Everything from the line that contains "Sir Sidney Robert" to the final line of the data, both ends included, must be set down exactly, apart from the pictures.

**Provided material:**
************
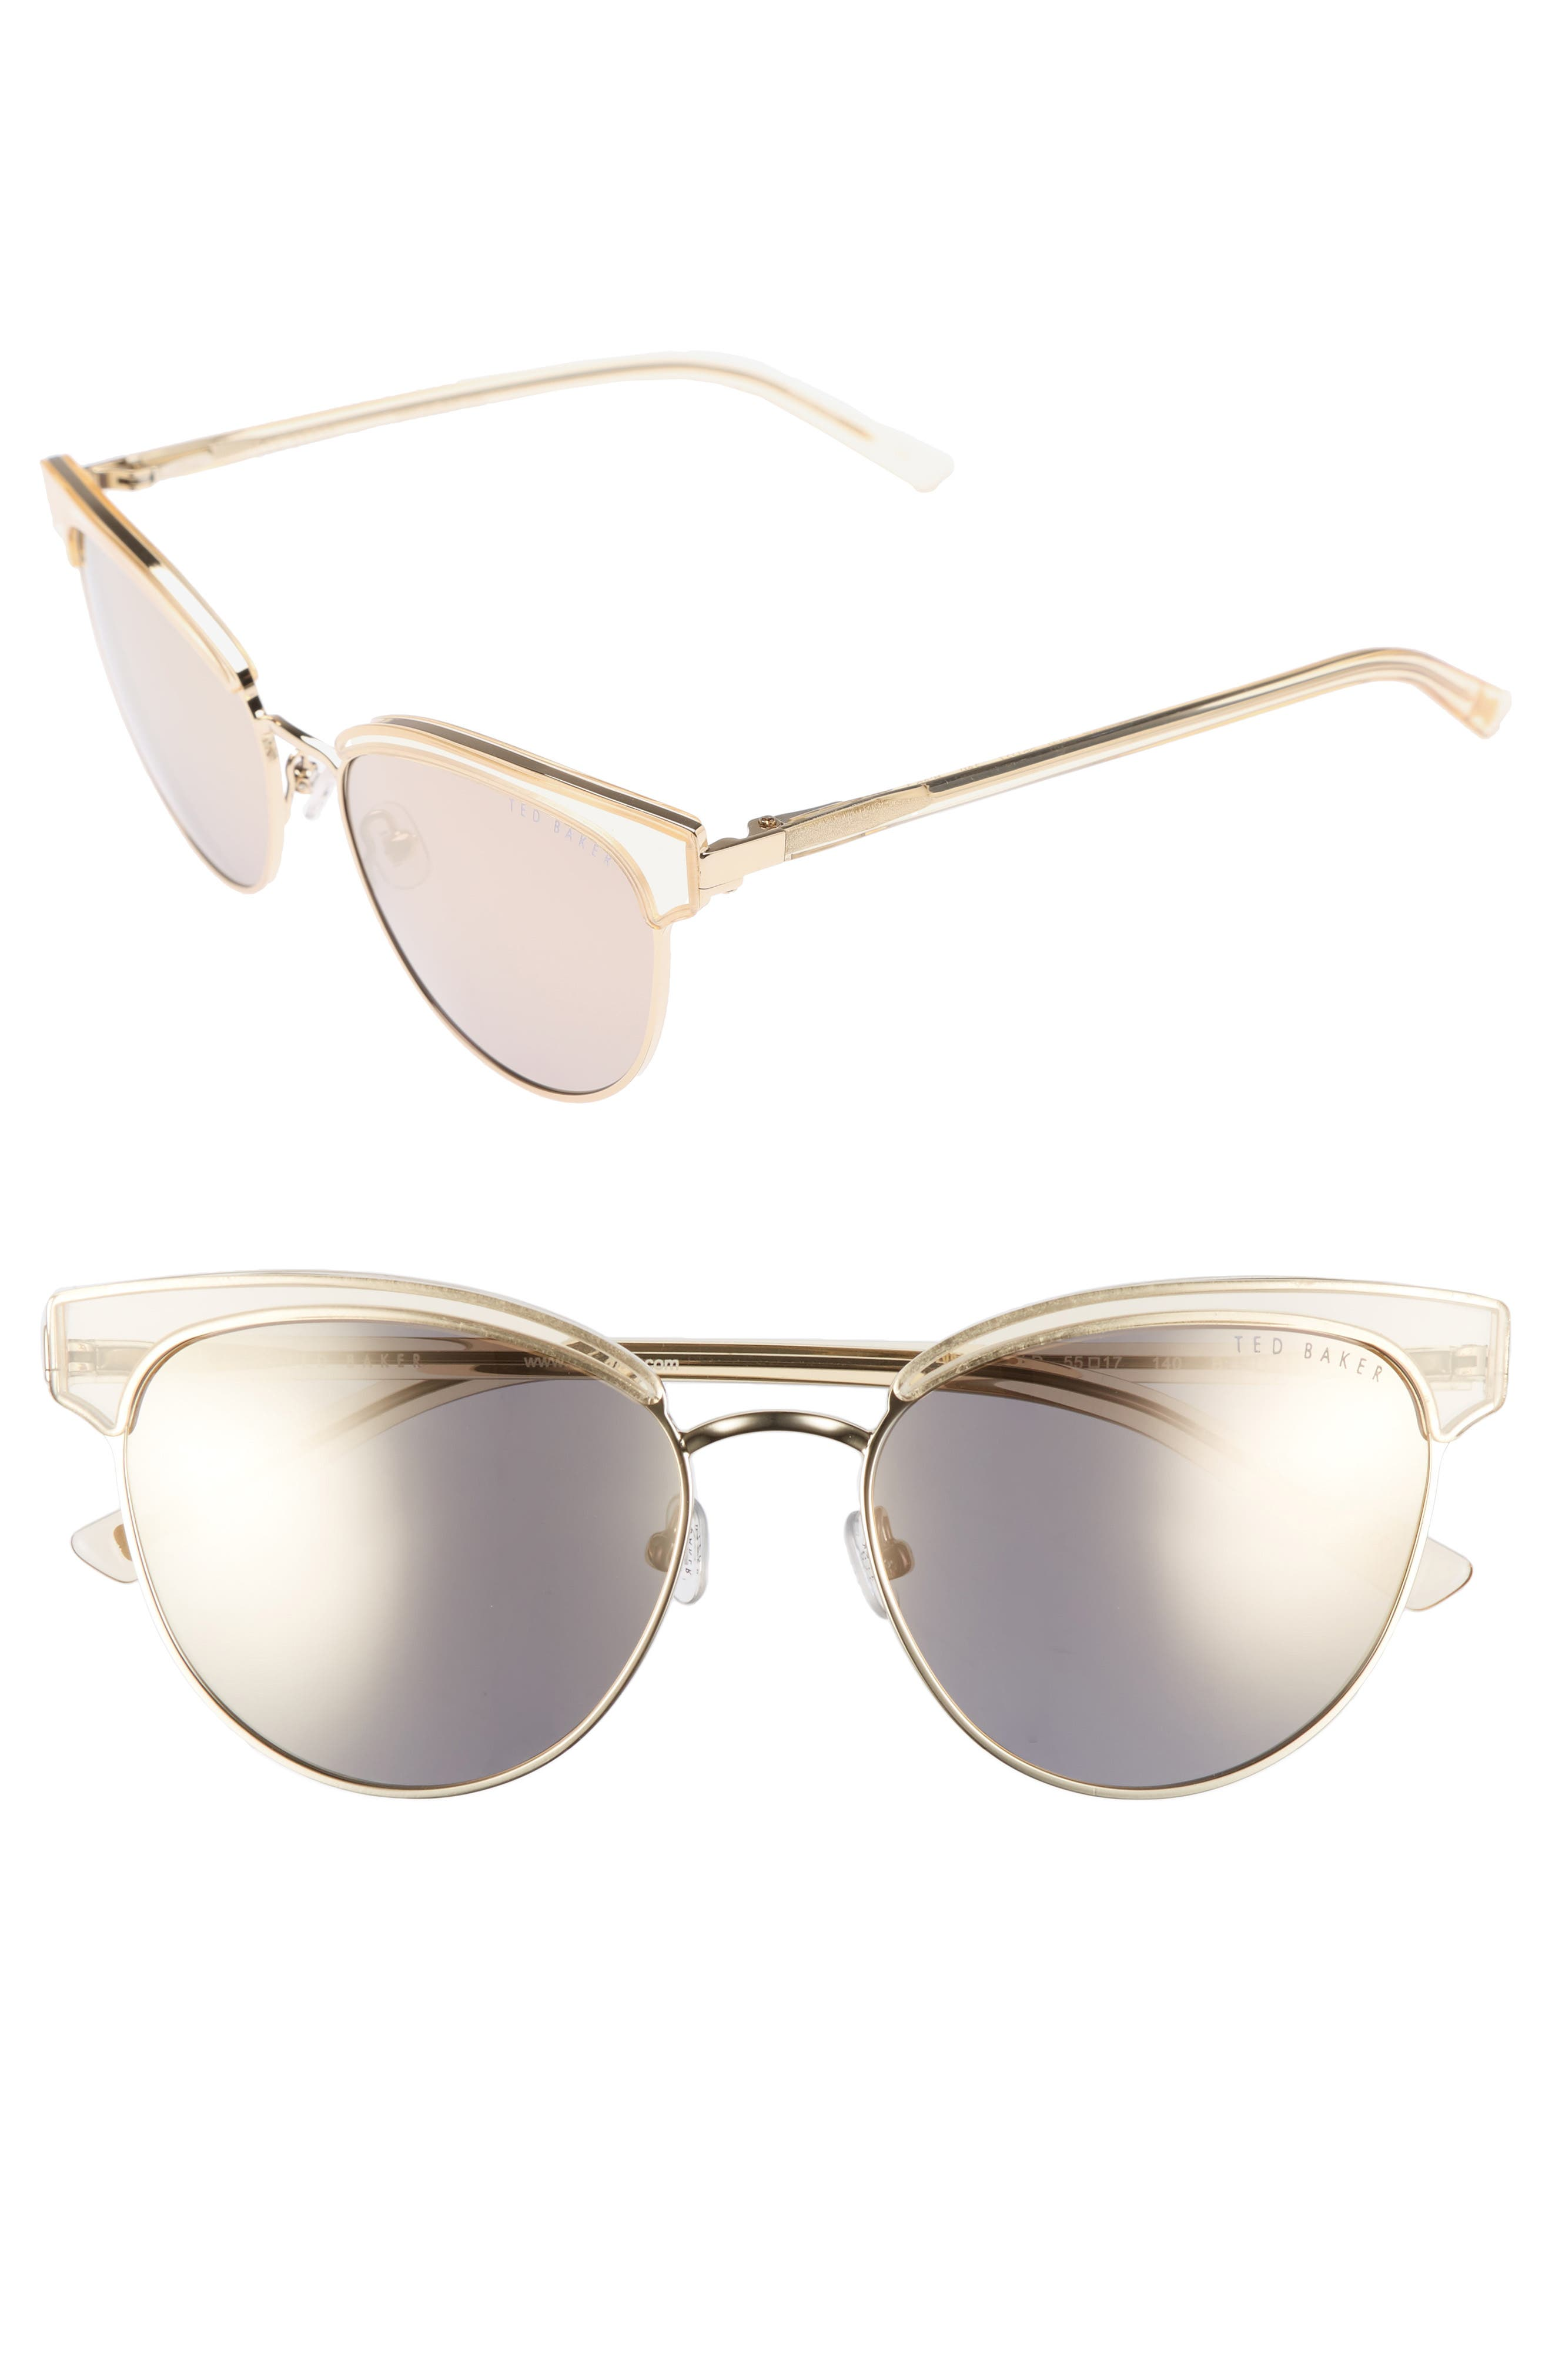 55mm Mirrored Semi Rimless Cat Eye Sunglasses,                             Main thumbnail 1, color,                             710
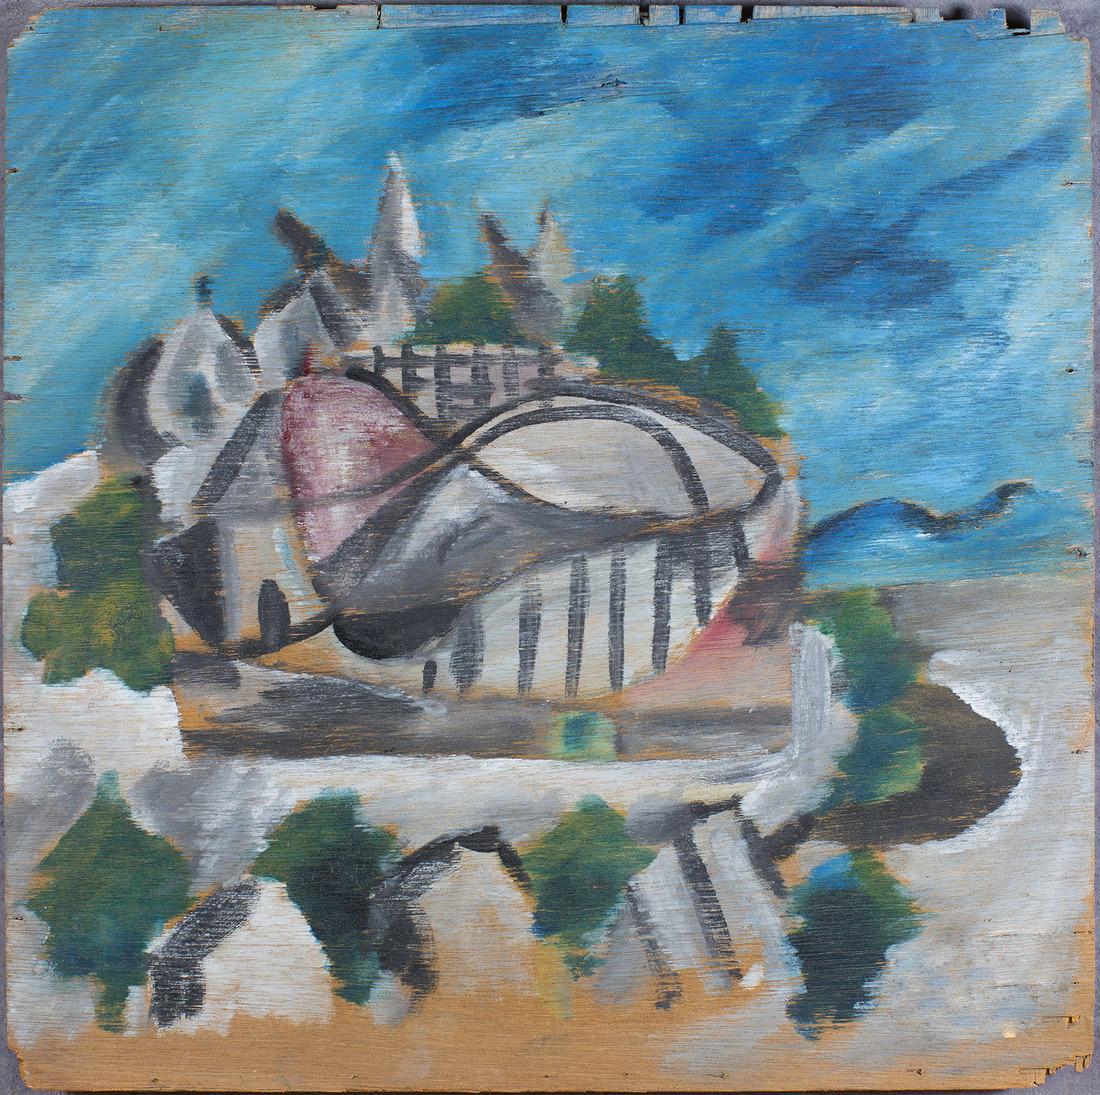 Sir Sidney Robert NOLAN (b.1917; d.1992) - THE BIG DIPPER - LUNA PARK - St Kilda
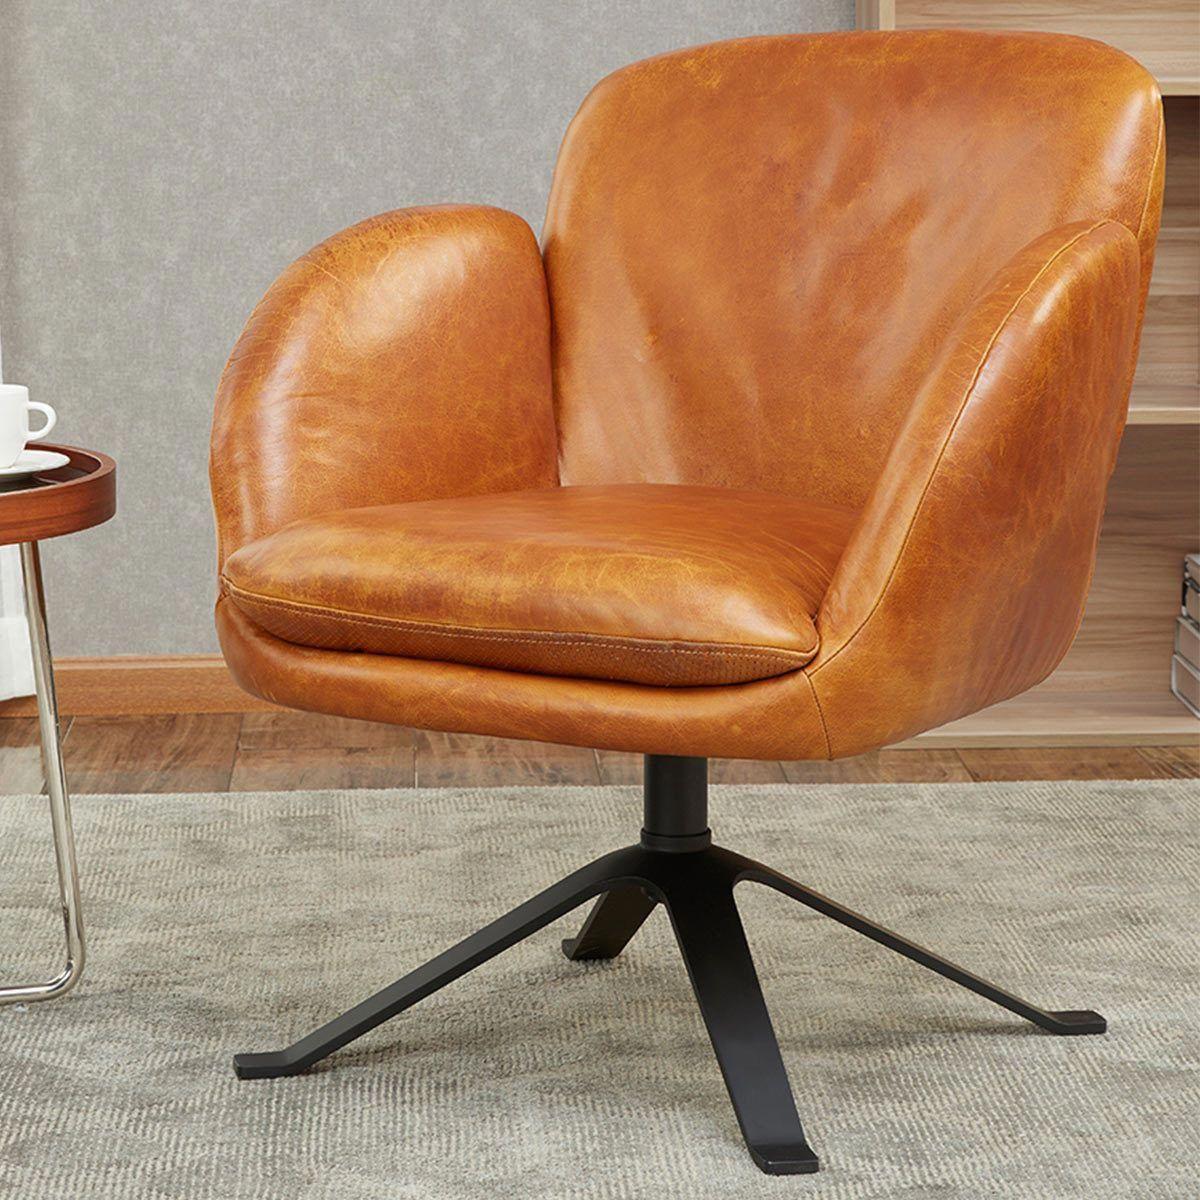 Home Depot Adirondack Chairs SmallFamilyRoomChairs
************
**Answer to this problem:**
 Sir Sidney Robert NOLAN (b.1917; d.1992) - THE BIG DIPPER - LUNA PARK - St Kilda
 Home Depot Adirondack Chairs SmallFamilyRoomChairs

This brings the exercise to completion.